[[ RECORDED INFORMATION, beginning ]]

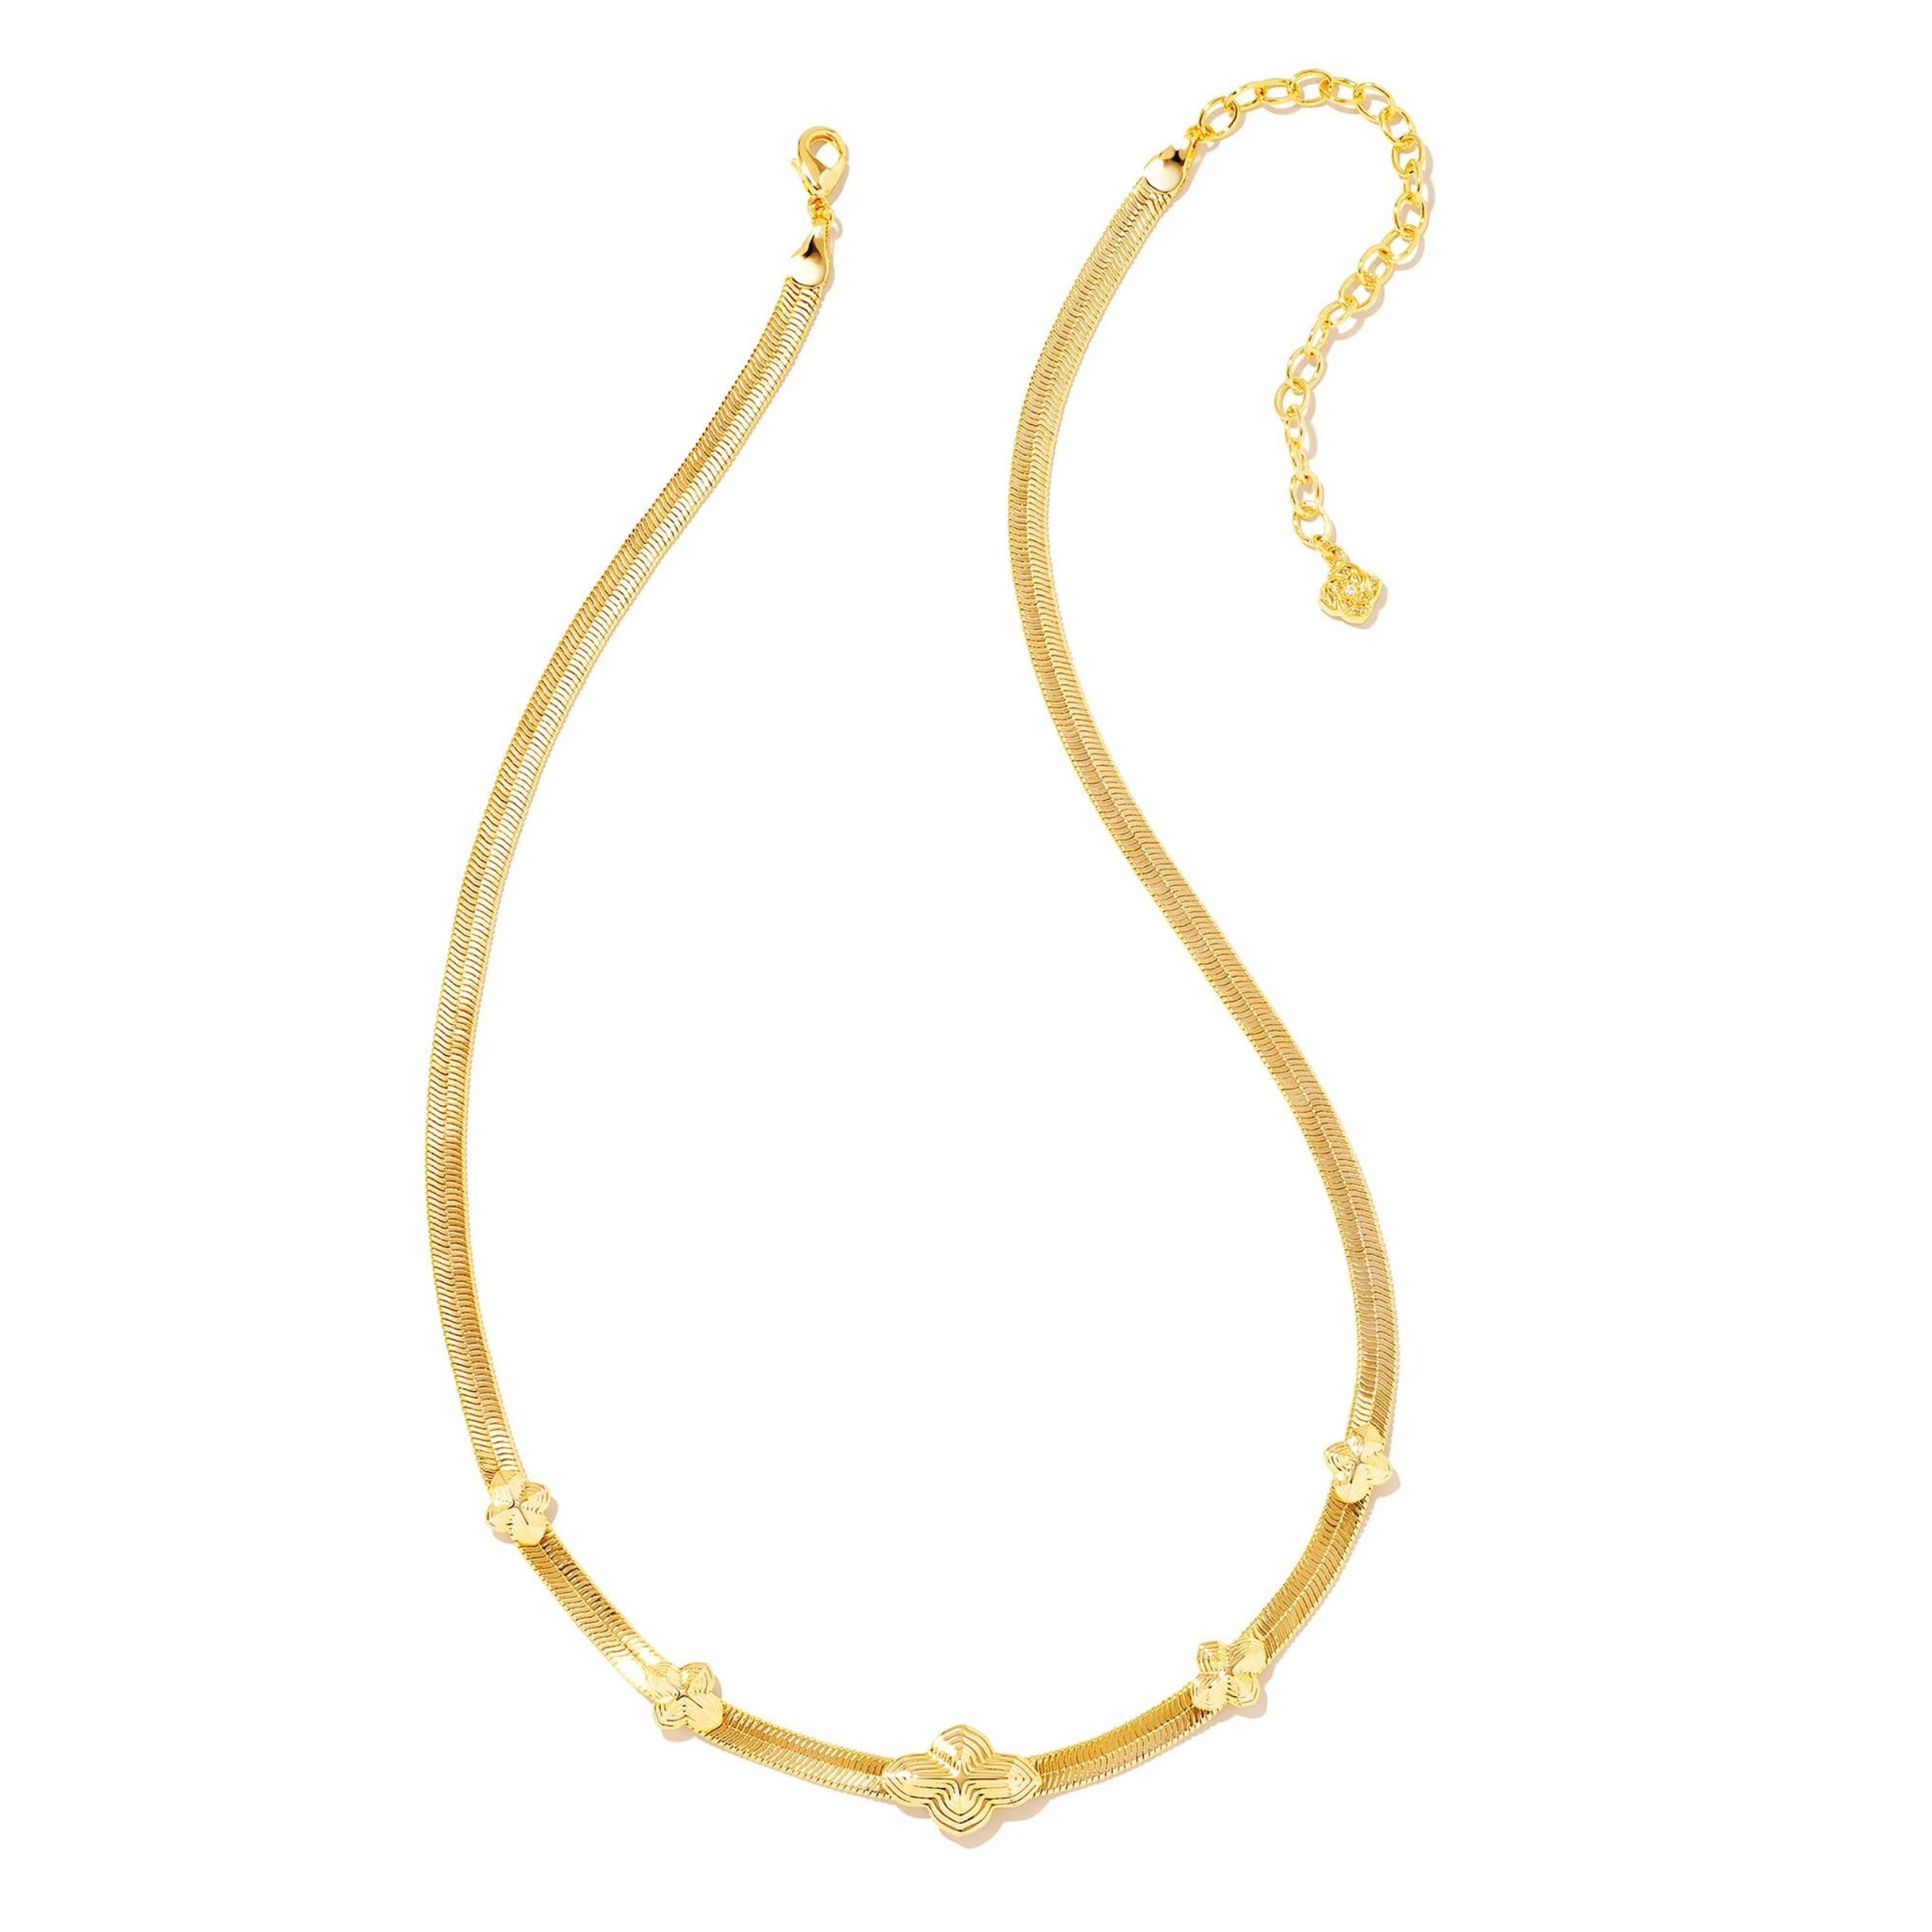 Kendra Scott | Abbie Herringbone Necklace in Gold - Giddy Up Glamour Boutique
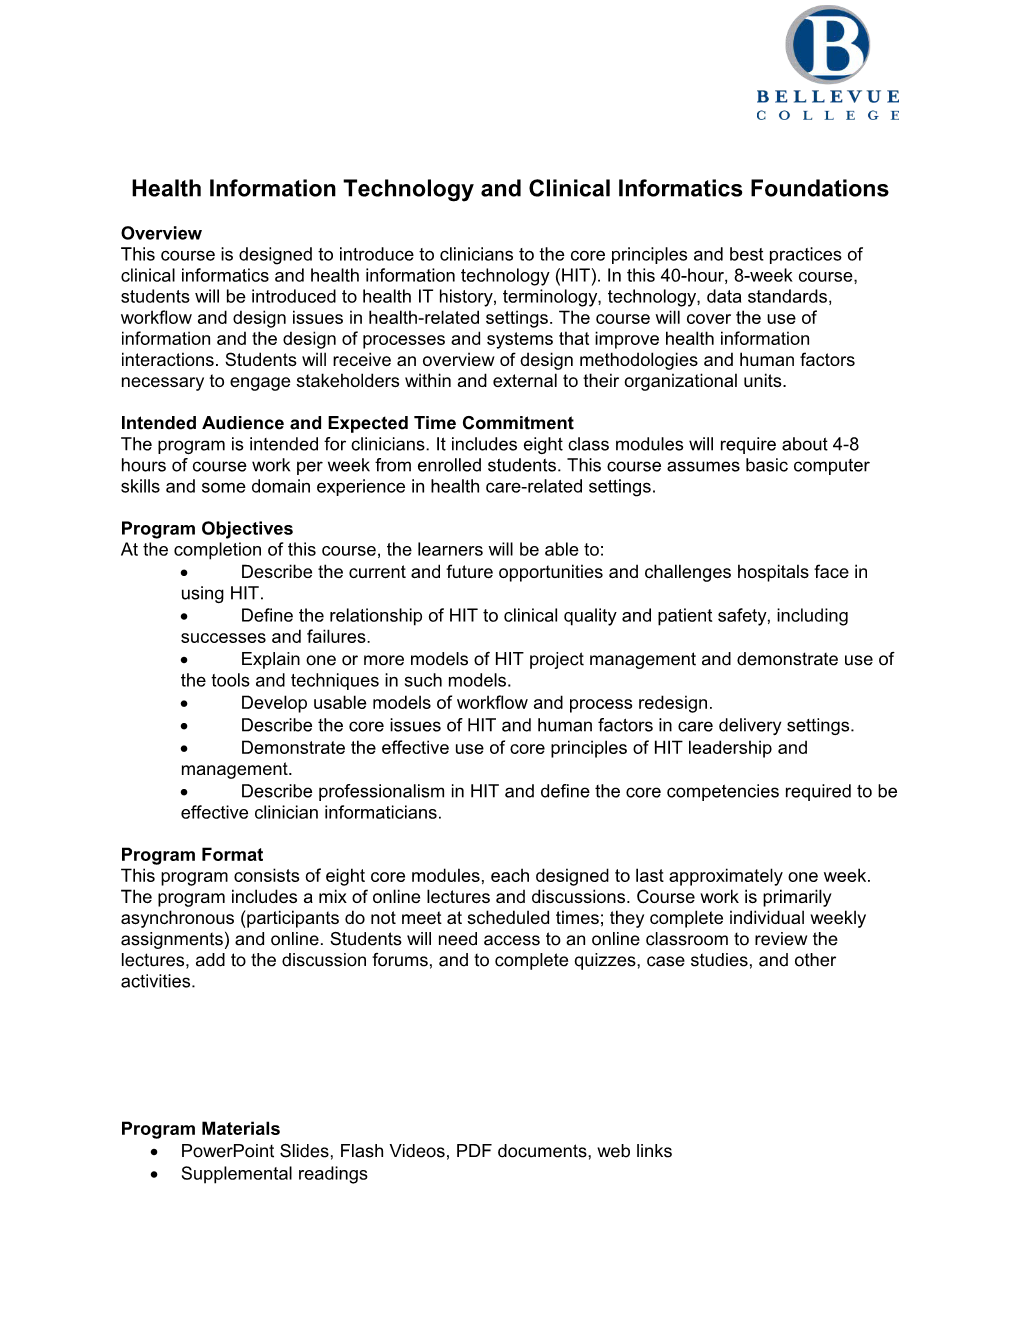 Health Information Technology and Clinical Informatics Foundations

[[ RECORDED INFORMATION, end ]]
[[ RECORDED INFORMATION, beginning ]]

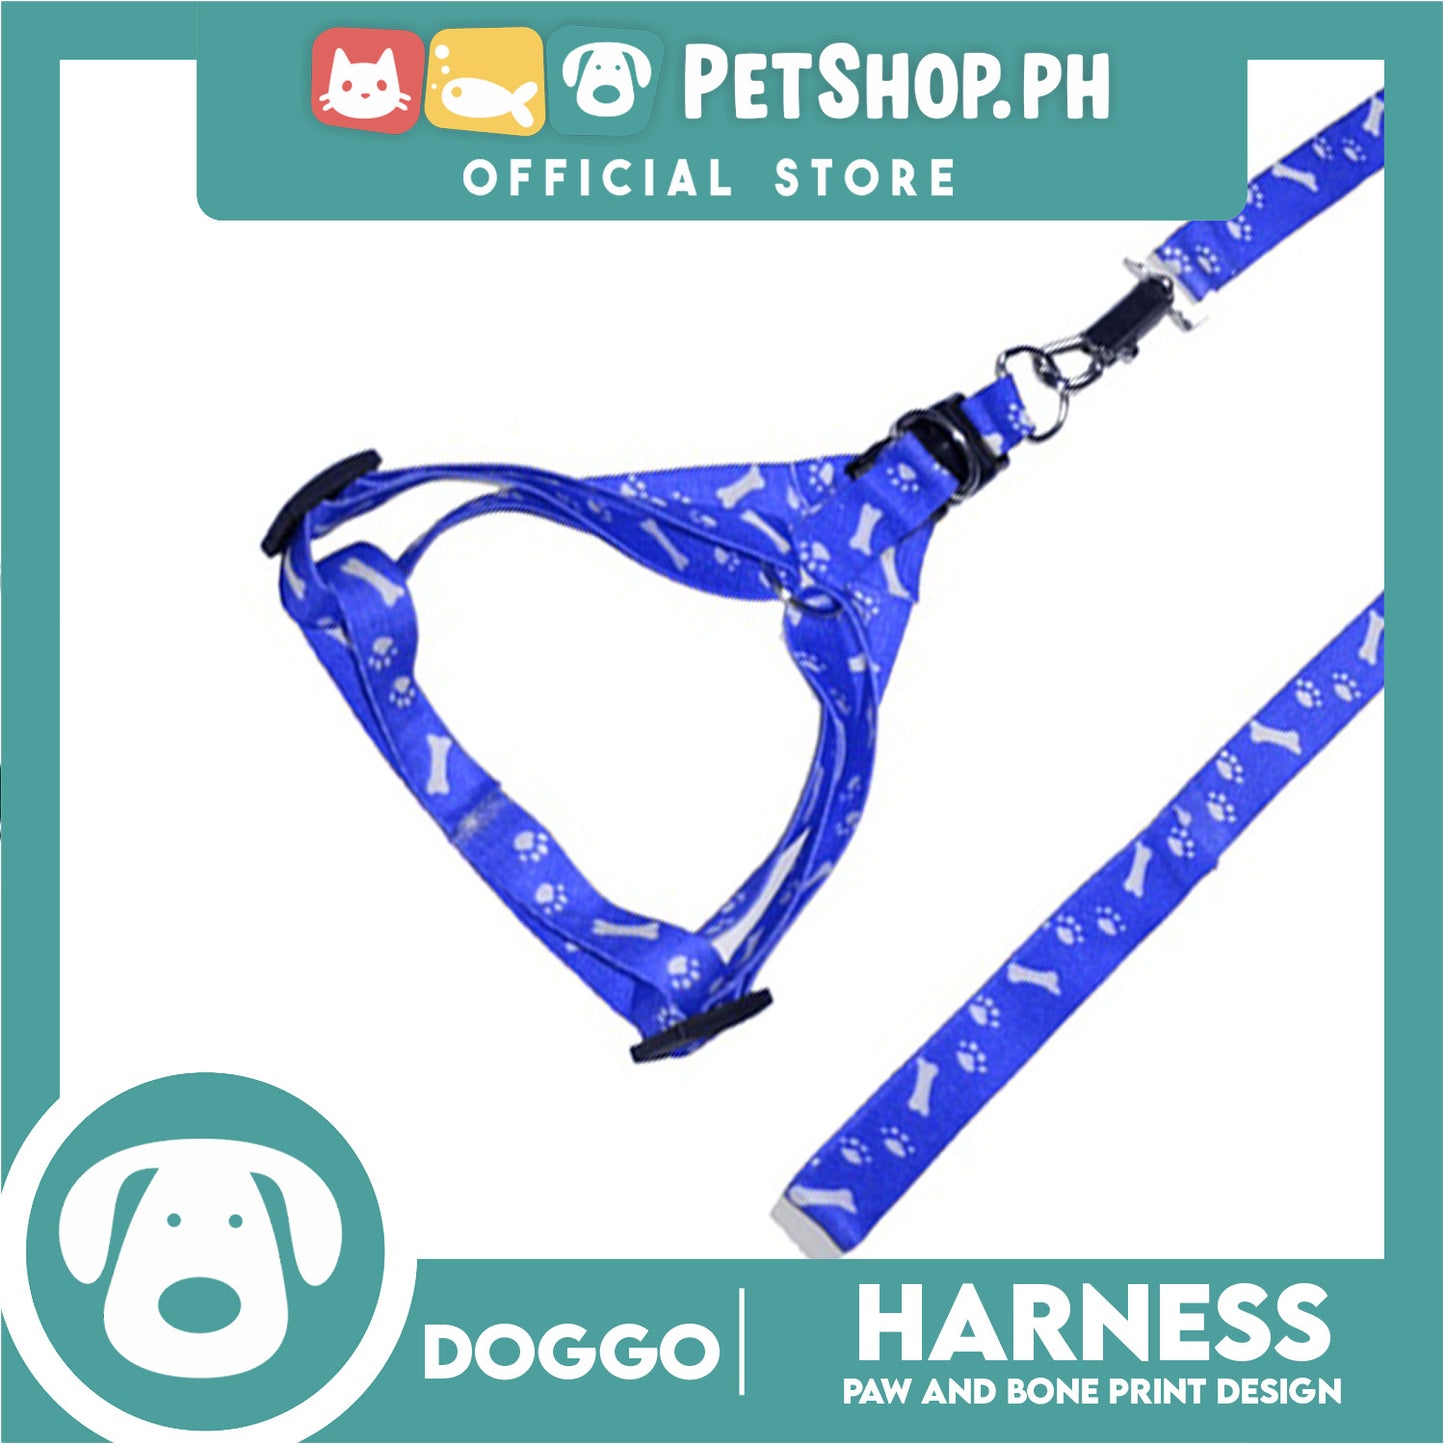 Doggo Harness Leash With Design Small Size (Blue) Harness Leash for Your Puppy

[[ RECORDED INFORMATION, end ]]
[[ RECORDED INFORMATION, beginning ]]

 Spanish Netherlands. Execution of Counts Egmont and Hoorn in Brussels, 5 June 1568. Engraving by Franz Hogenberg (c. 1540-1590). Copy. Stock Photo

[[ RECORDED INFORMATION, end ]]

YOUR INSTRUCTIONS:
In the data above, start at the line holding "Kendra Scott |" and stop after the line holding "Health Information Technology"; write out those lines exactly, without pictures.

FINISHED TASK:
 Kendra Scott | Abbie Herringbone Necklace in Gold - Giddy Up Glamour Boutique
 Health Information Technology and Clinical Informatics Foundations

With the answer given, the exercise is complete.